TO DO: Repeat the listing exactly as given, omitting every image.

──────── INPUT DATA

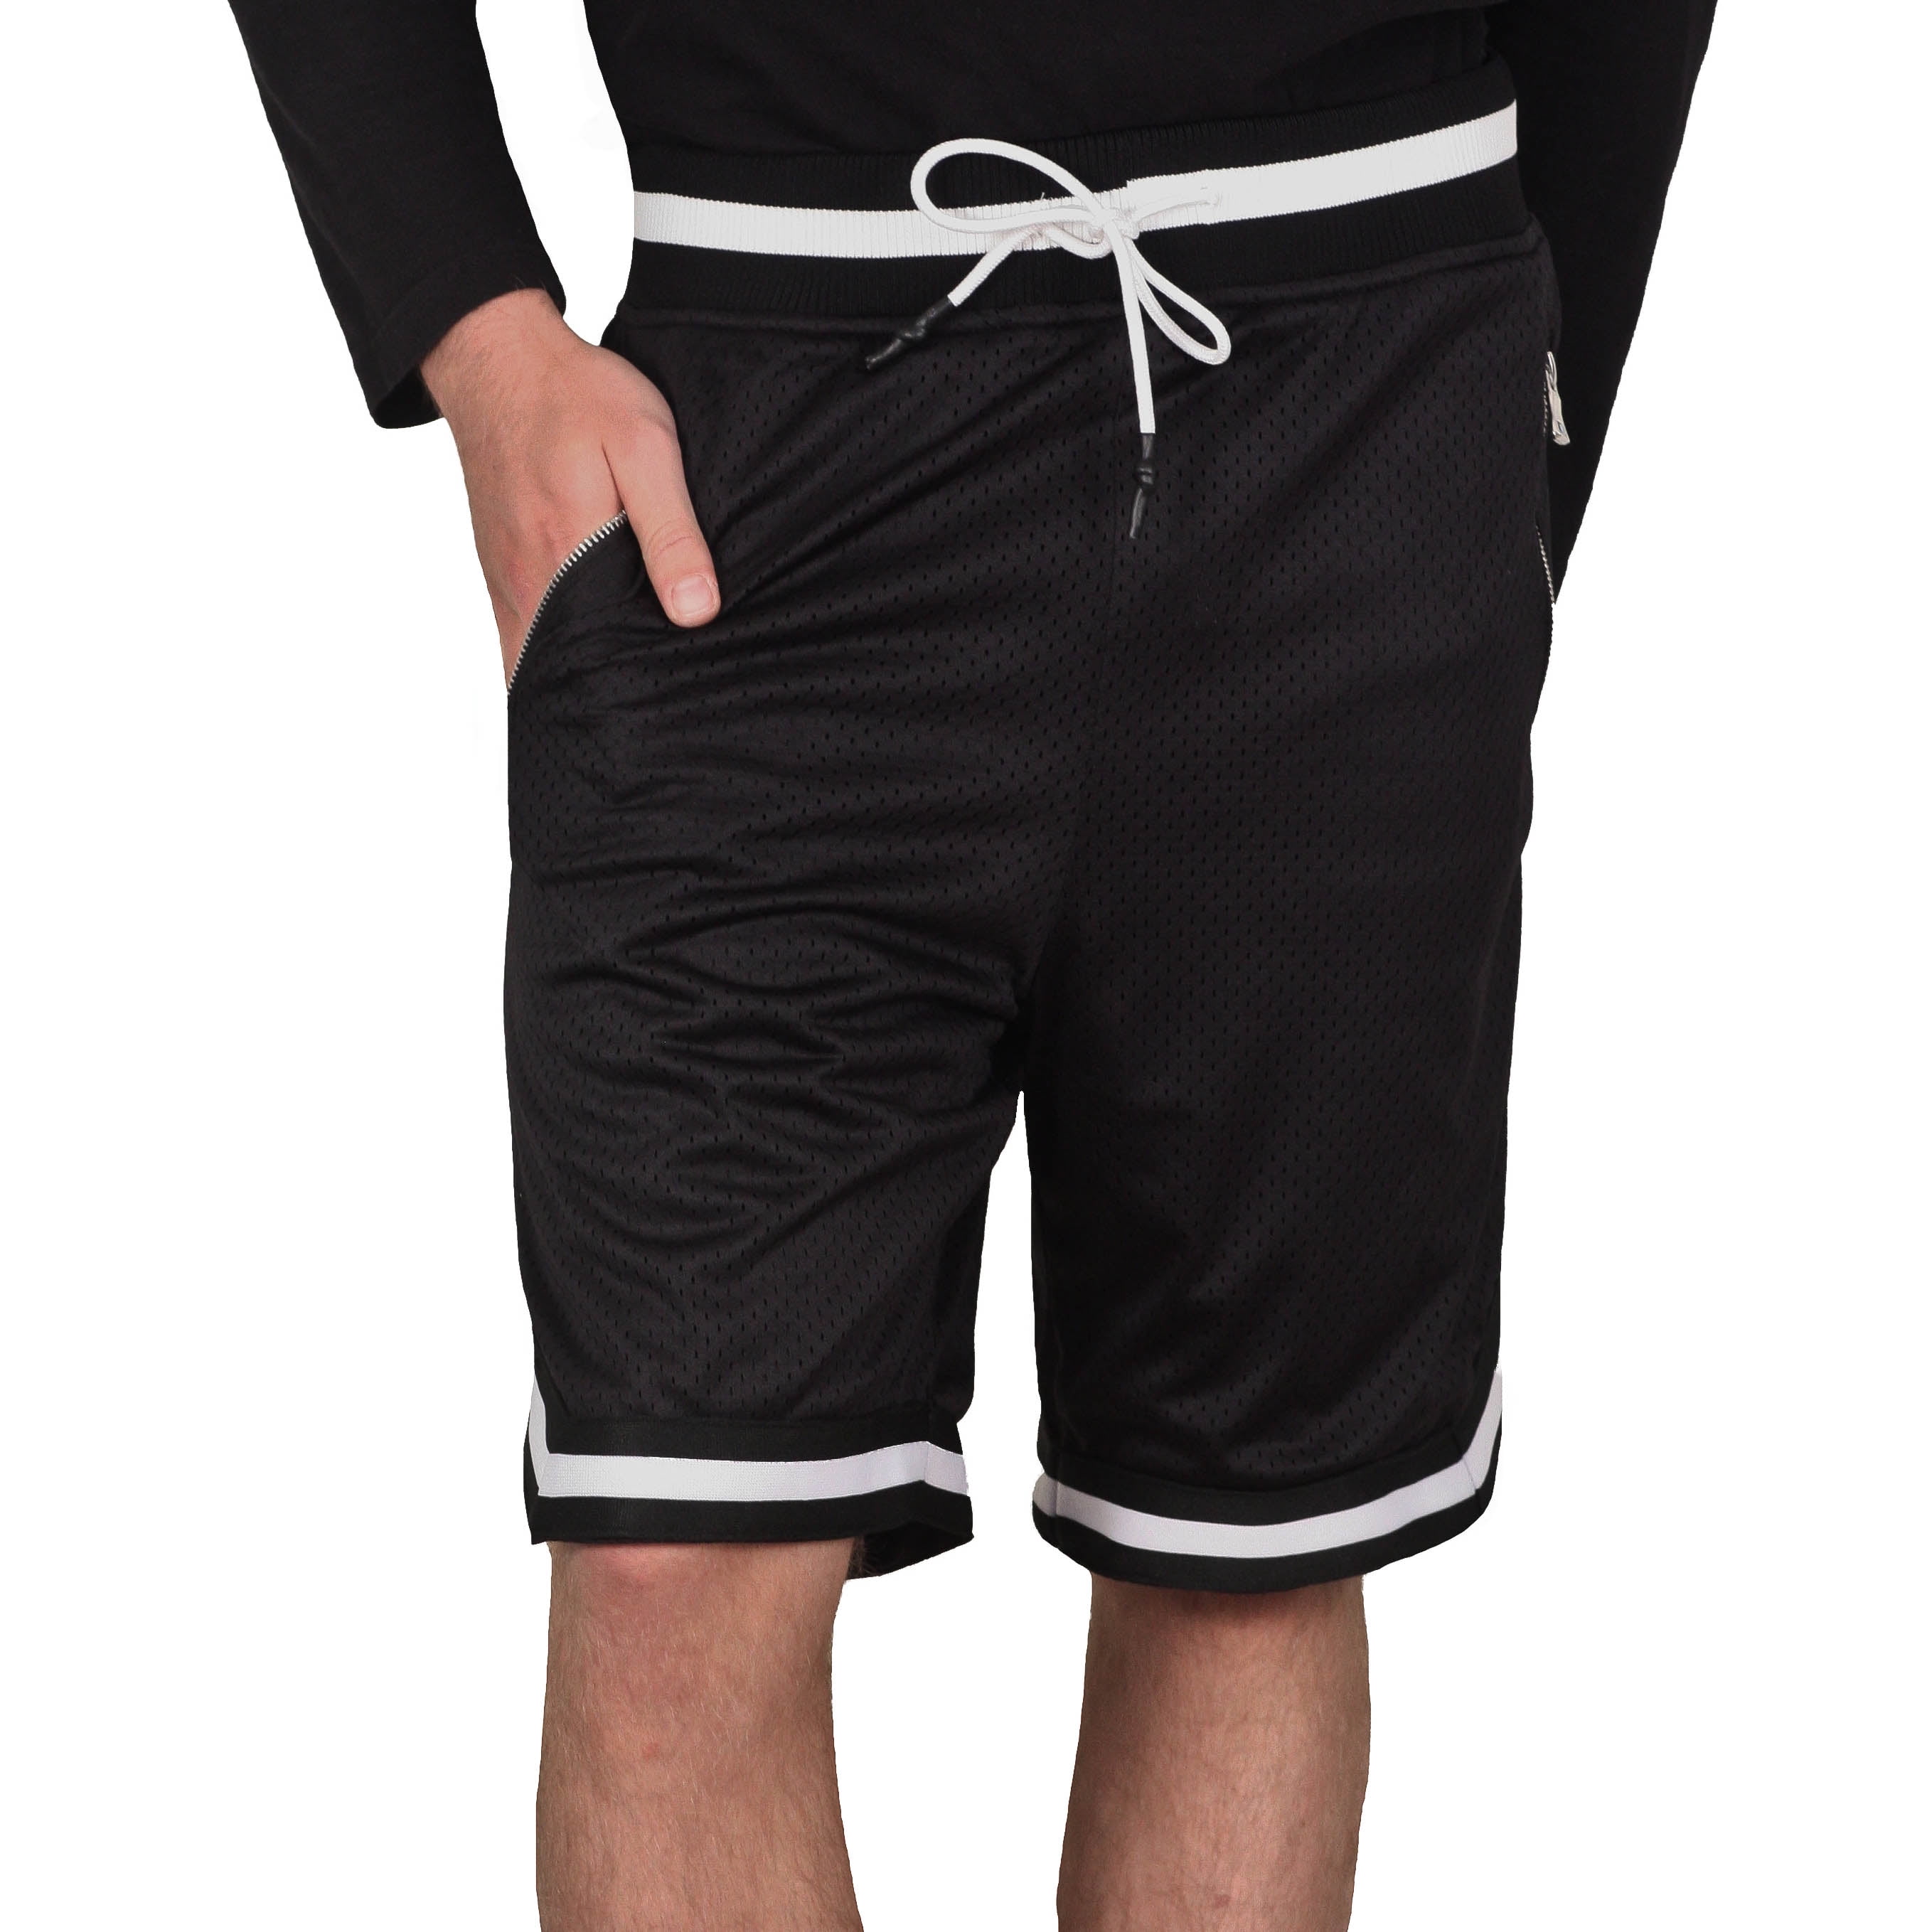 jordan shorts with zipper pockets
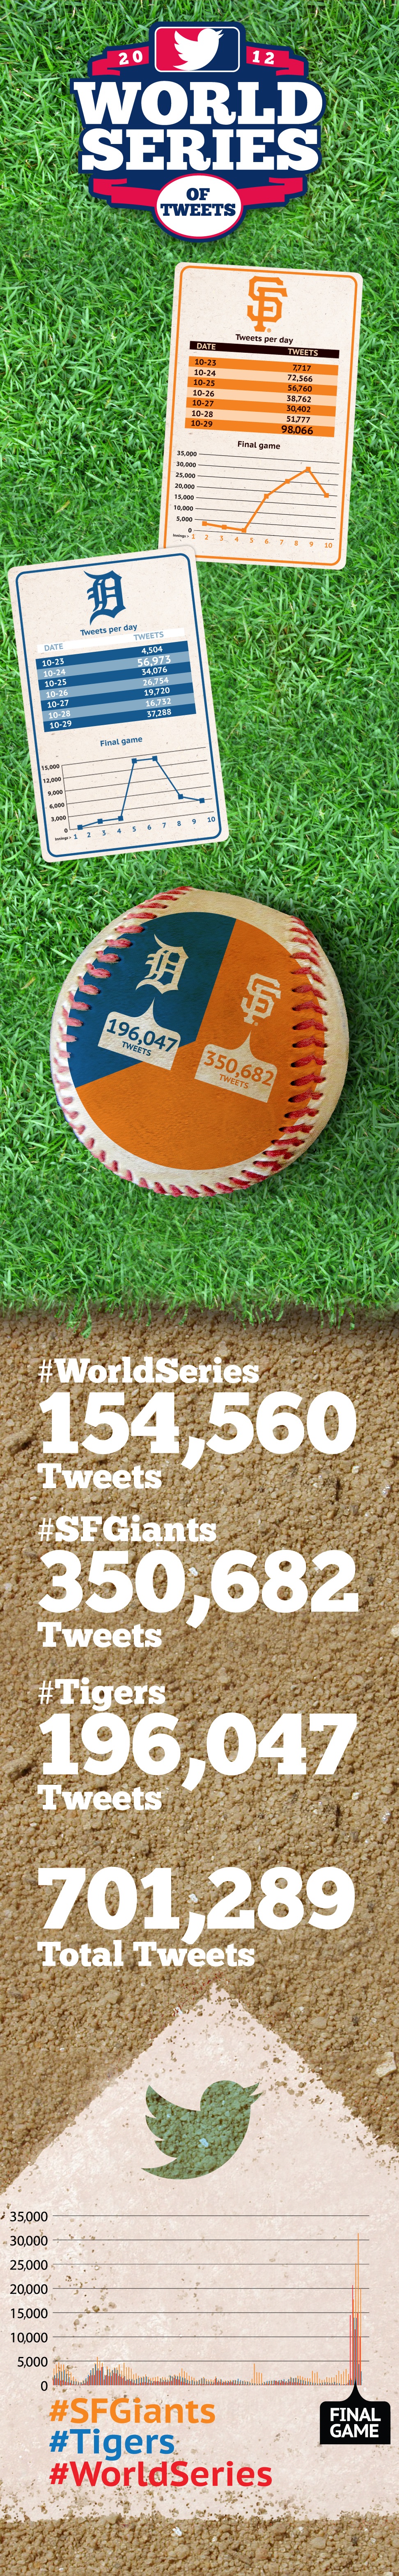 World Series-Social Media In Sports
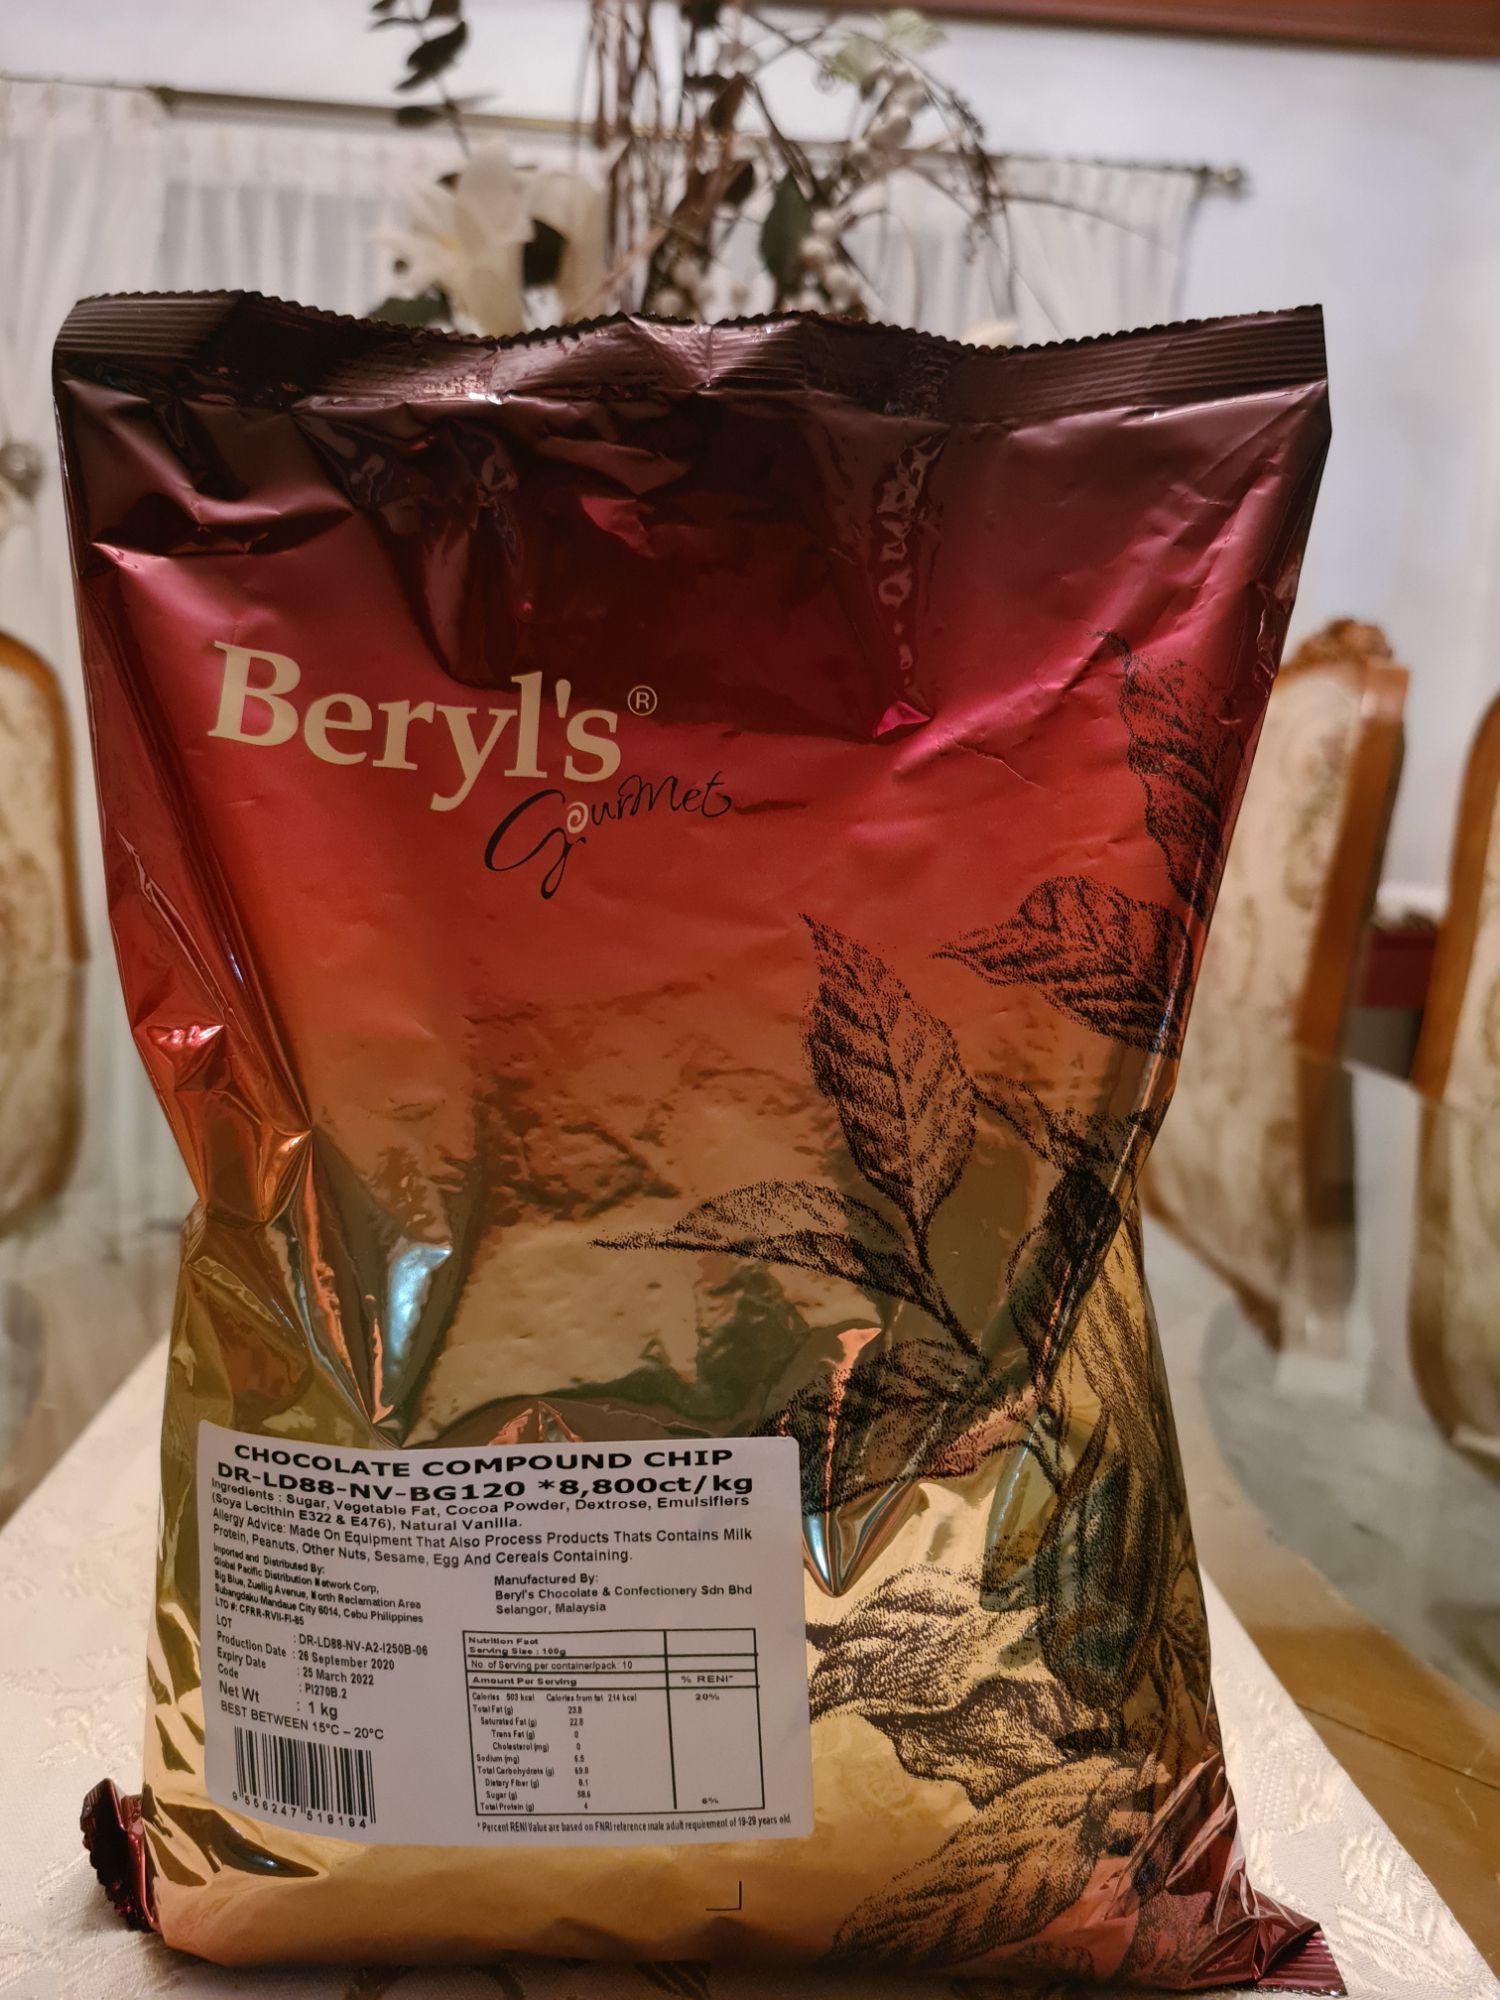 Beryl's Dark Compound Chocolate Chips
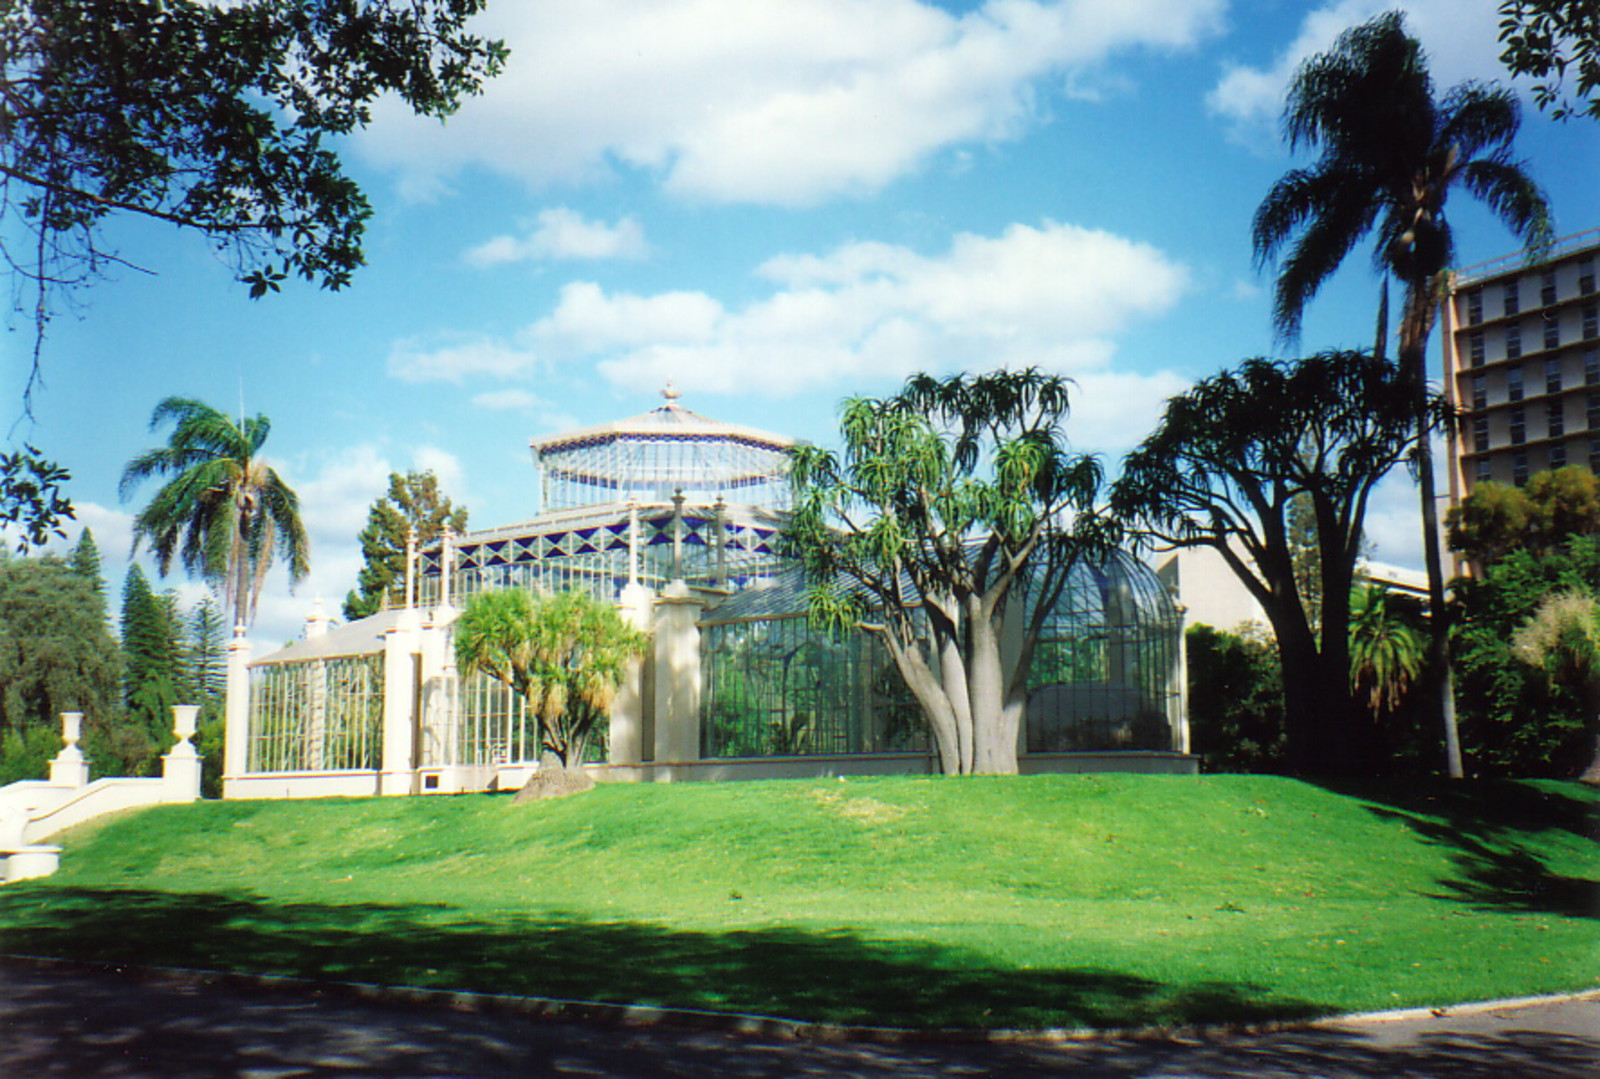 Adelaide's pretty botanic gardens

────────────────

WORKED SOLUTION:
 jordan shorts with zipper pockets
 World Series-Social Media In Sports
 Beryl's Dark Compound Chocolate Chips
 Adelaide's pretty botanic gardens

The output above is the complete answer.